TASK TO CARRY OUT =>
Everything from the line that holds "Queen Huskers Will" through the end of the listing below must be retyped word for word, without any pictures.

PROVIDED DATA =>
# # # #

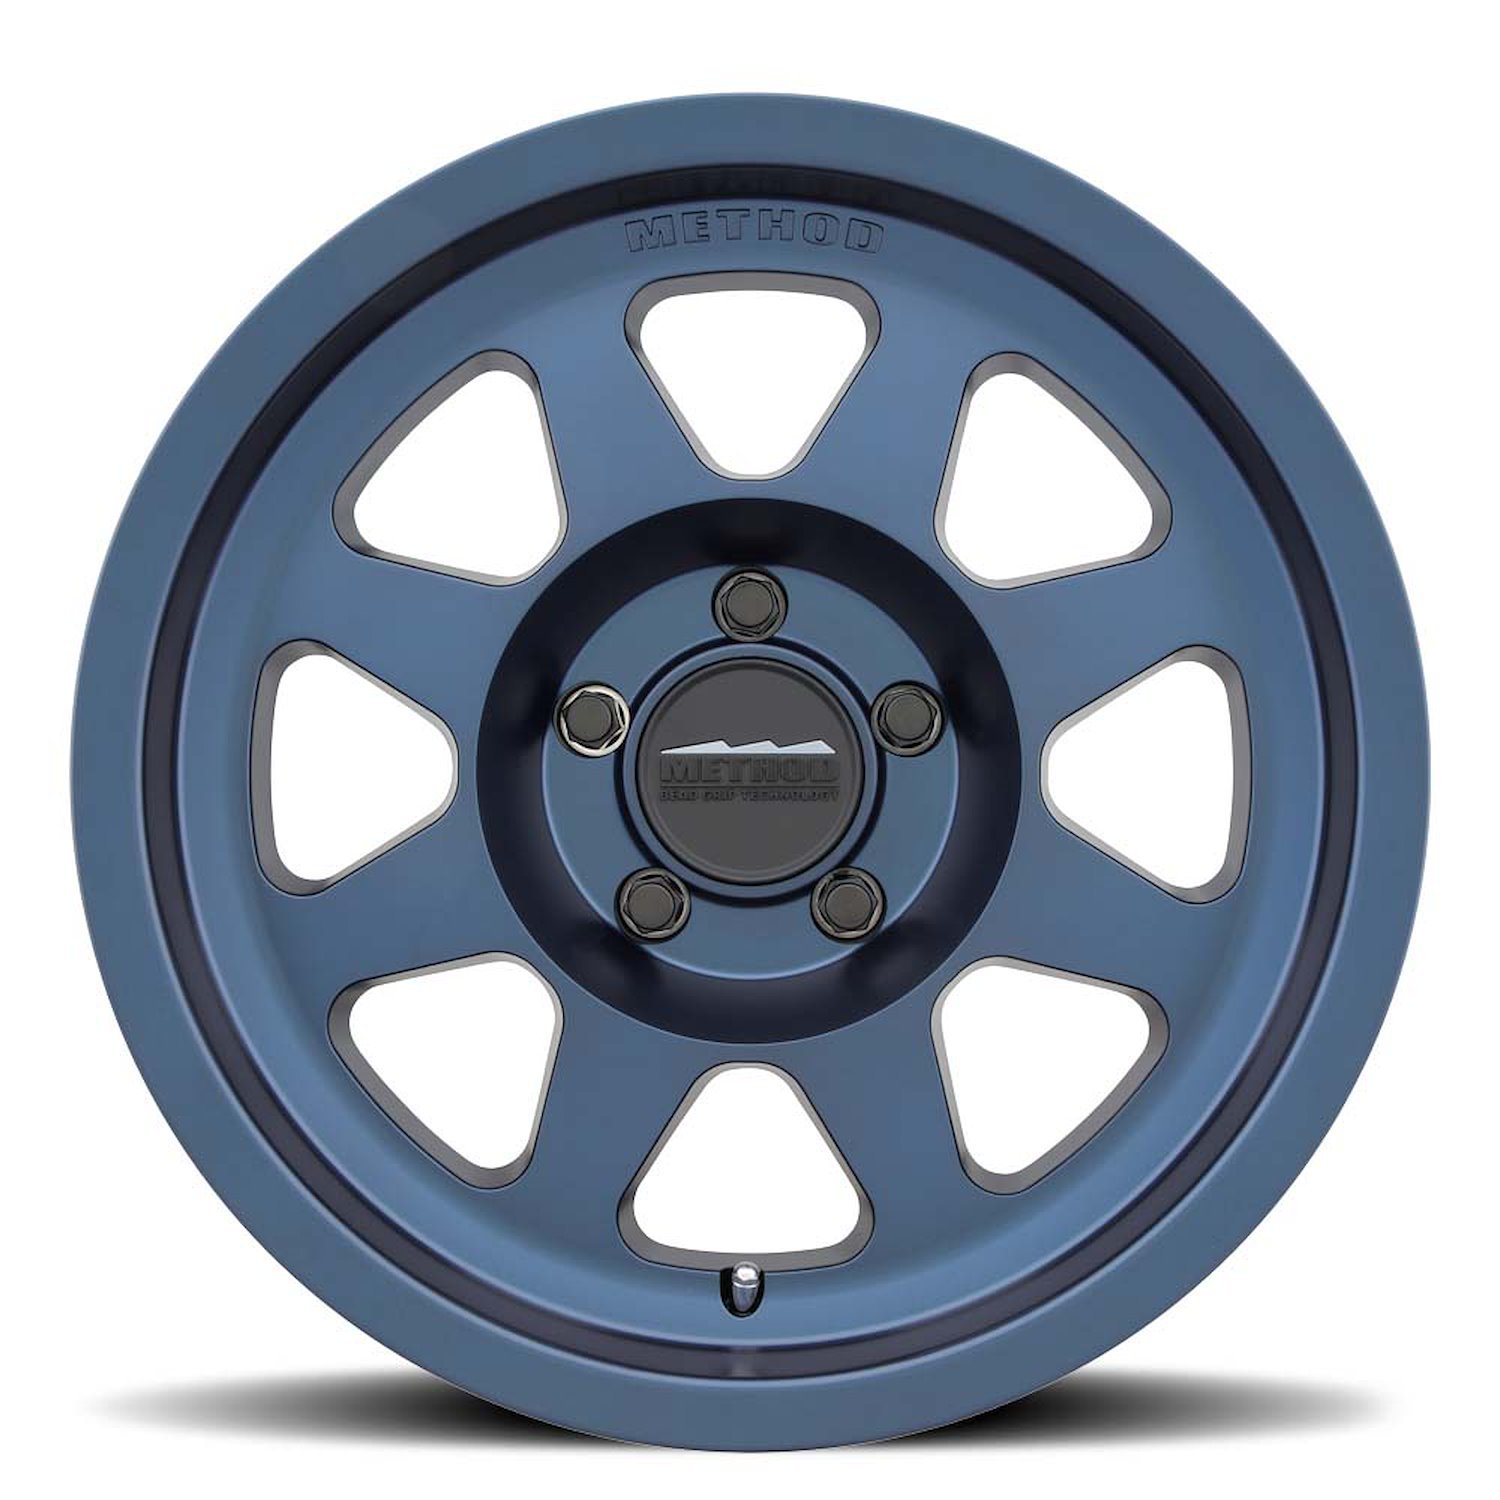 MR70178550600 TRAIL MR701 Bead Grip Wheel [Size: 17" x 8.5"] Bahia Blue
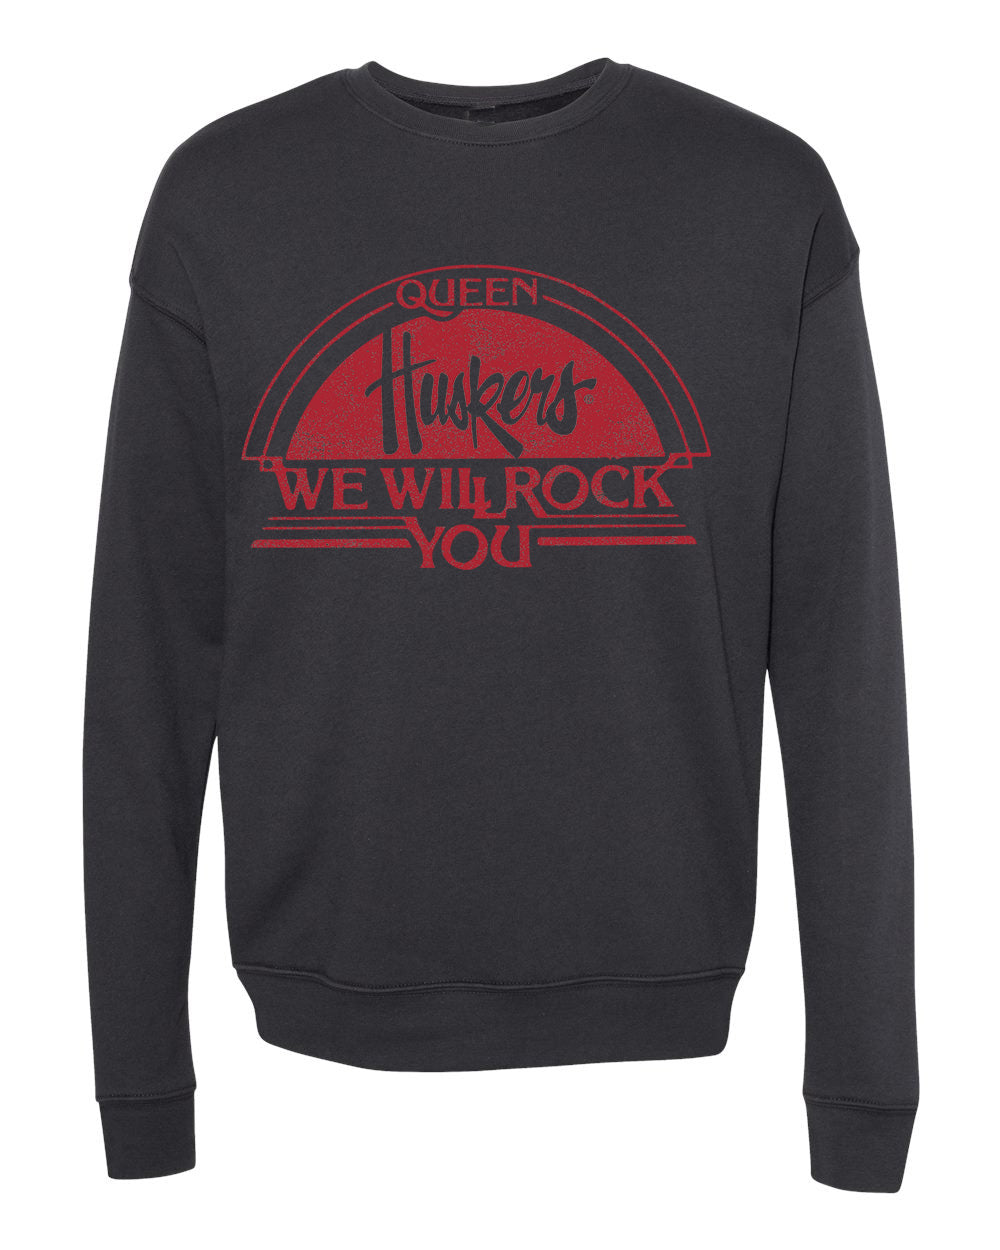 Queen Huskers Will Rock You Charcoal Thrifted Sweatshirt - shoplivylu
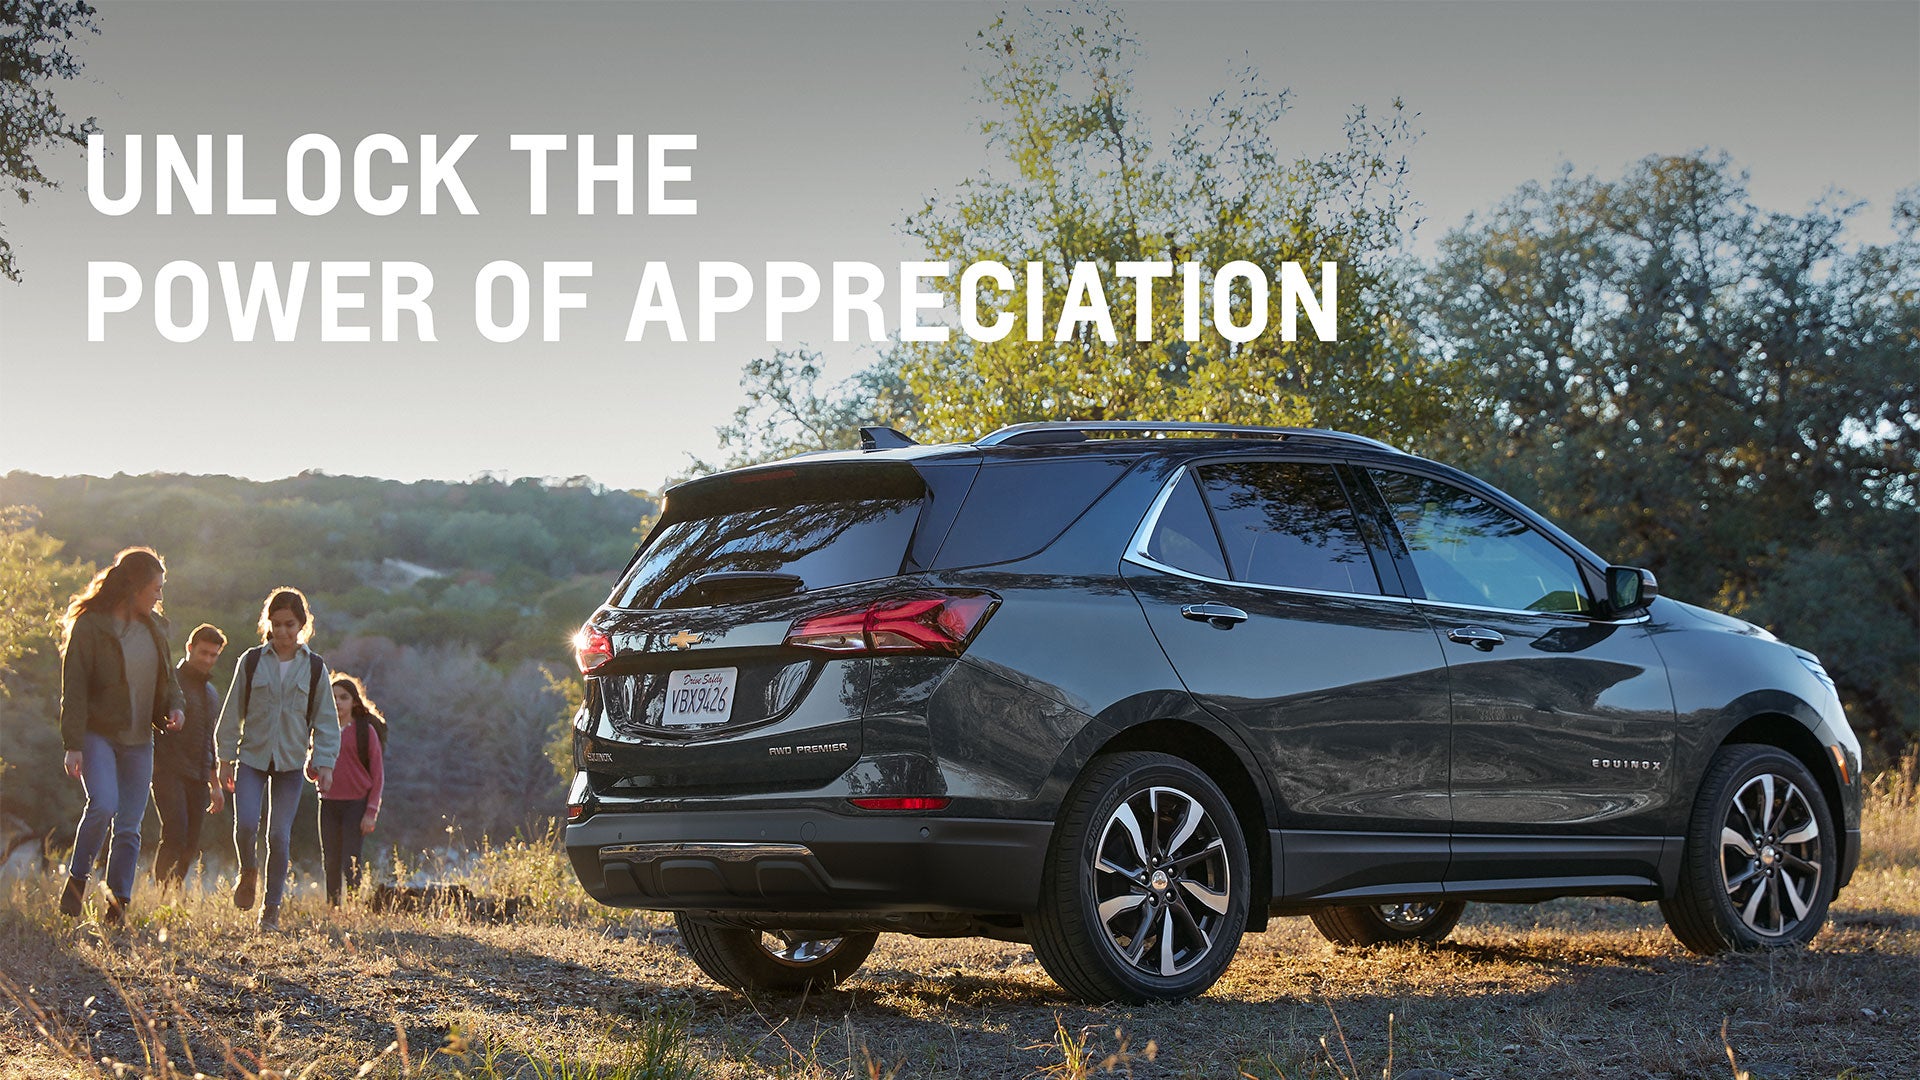 Unlock the power of appreciation | Baum Chevrolet Buick in Clinton IL

# # # #

WRITTEN RESPONSE =>
 Queen Huskers Will Rock You Charcoal Thrifted Sweatshirt - shoplivylu
 Unlock the power of appreciation | Baum Chevrolet Buick in Clinton IL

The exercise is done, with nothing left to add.